A variety of approaches to uncertainty and sensitivity analysis are in use, including (i) differential analysis, which involves approximating a model with a Taylor series and then using variance propagation formulas to obtain uncertainty and sensitivity analysis results [11], [12], [13], [14], [15], [16], [17], [18], [19], [20], [21], [22], [23], [24], (ii) response surface methodology, which is based on using classical experimental designs to select points for use in developing a response surface replacement for a model and then using this replacement model in subsequent uncertainty and sensitivity analyses based on Monte Carlo simulation and variance propagation [25], [26], [27], [28], [29], [30], [31], [32], [33], [34], [35], (iii) the Fourier amplitude sensitivity test (FAST) and other variance decomposition procedures, which involve the determination of uncertainty and sensitivity analysis results on the basis of the variance of model predictions and the contributions of individual variables to this variance [36], [37], [38], [39], [40], [41], [42], [43], [44], [45], [46], [47], [48], [49], [50], [51], [52], [53], [54], [55], (iv) fast probability integration, which is primarily an uncertainty analysis procedure used to estimate the tails of uncertainty distributions for model predictions [56], [57], [58], [59], [60], [61], [62], and (v) sampling-based (i.e. Monte Carlo) procedures, which involve the generation and exploration of a probabilistically based mapping from analysis inputs to analysis results [63], [64], [65], [66], [67], [68], [69], [70], [71], [72], [73]. Additional information on uncertainty and sensitivity analysis is available in a number of reviews [69], [70], [74], [75], [76], [77], [78], [79], [80]. The primary focus of this presentation is on sampling-based methods for uncertainty and sensitivity analysis.

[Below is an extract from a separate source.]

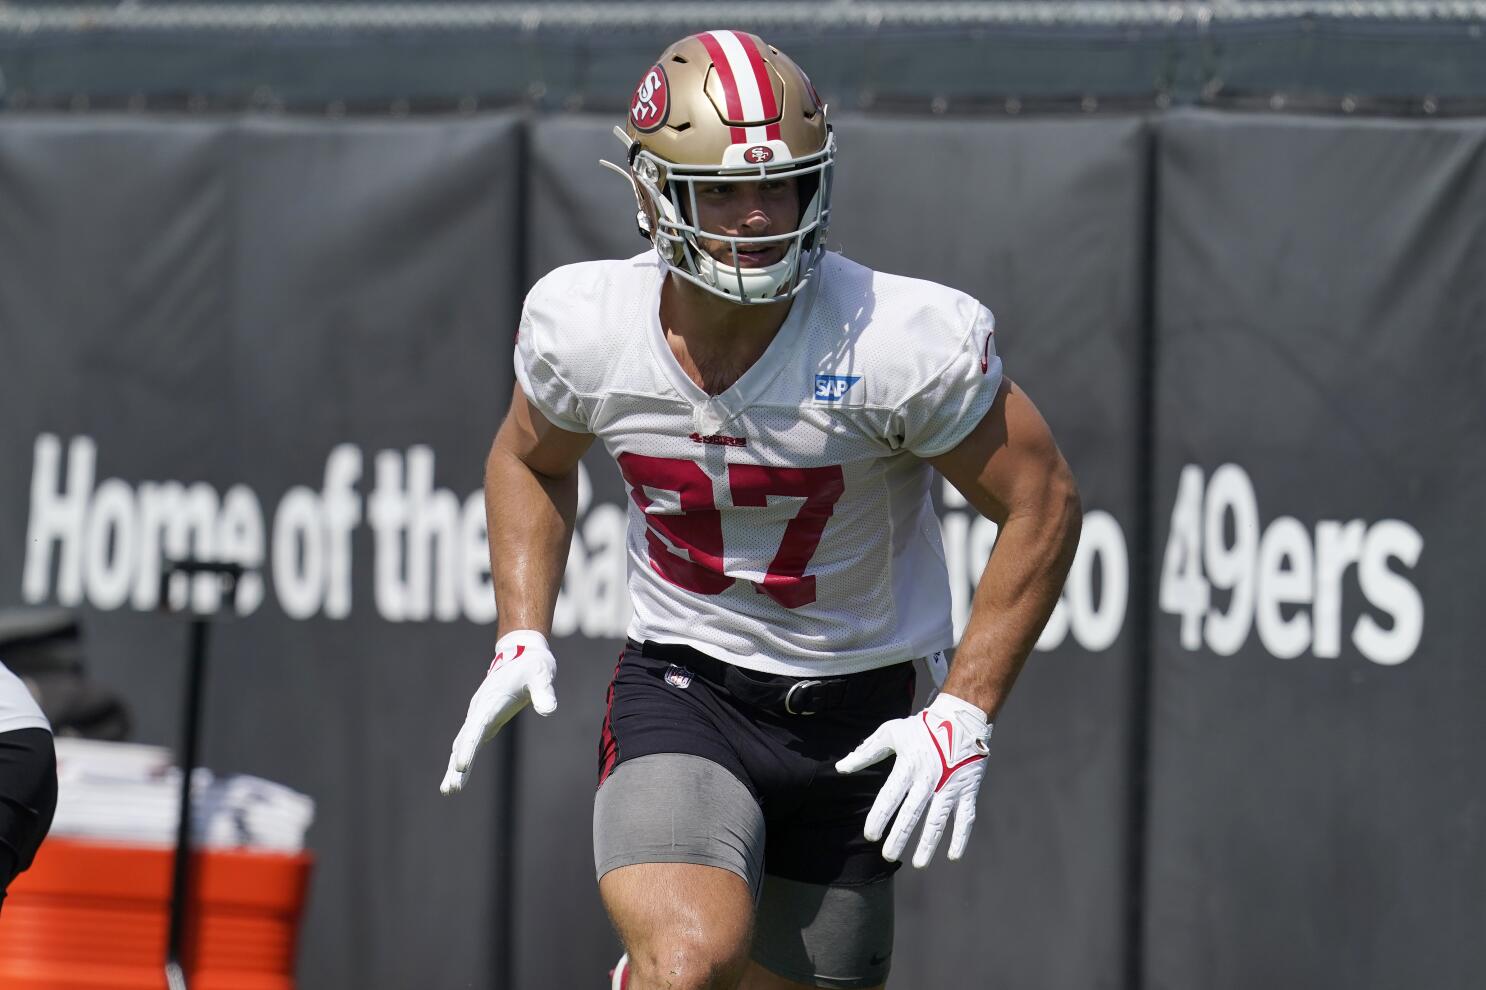 The good and not so good from 49ers training camp: Day 4

Sampling-based approaches for uncertainty and sensitivity analysis are very popular [81], [82], [83], [84], [85], [86], [87], [88], [89], [90], [91], [92], [93], [94], [95], [96]. Desirable properties of these approaches include conceptual simplicity, ease of implementation, generation of uncertainty analysis results without the use of intermediate models, and availability of a variety of sensitivity analysis procedures [67], [69], [76], [97], [98]. Despite these positive properties, concern is often expressed about using these approaches because of the computational cost involved. In particular, the concern is that the sample sizes required to obtain meaningful results will be so large that analyses will be computationally impracticable for all but the most simple models. At times, statements are made that 1000 to 10,000s of model evaluations are required in a sampling-based uncertainty/sensitivity analysis.

In this presentation, results obtained with a computationally demanding model for two-phase fluid flow are used to illustrate that robust uncertainty and sensitivity analysis results can be obtained with relatively small sample sizes. Further, results are obtained and compared for replicated random and Latin hypercube samples (LHSs) [63], [73]. For the problem under consideration, random and LHSs of size 100 produce similar, stable results.

The presentation is organized as follows. The analysis problem is described in Section 2. Then, the following topics are considered: stability of uncertainty analysis results (Section 3), stability of sensitivity analysis results based on stepwise rank regression (Section 4), use of coefficients of concordance in comparing replicated sensitivity analyses (Section 5), sensitivity analysis based on replicated samples and the top down coefficient concordance (Section 6), sensitivity analysis with reduced sample sizes (Section 7), and sensitivity analysis without regression analysis (Section 8). Finally, the presentation ends with a concluding discussion (Section 9).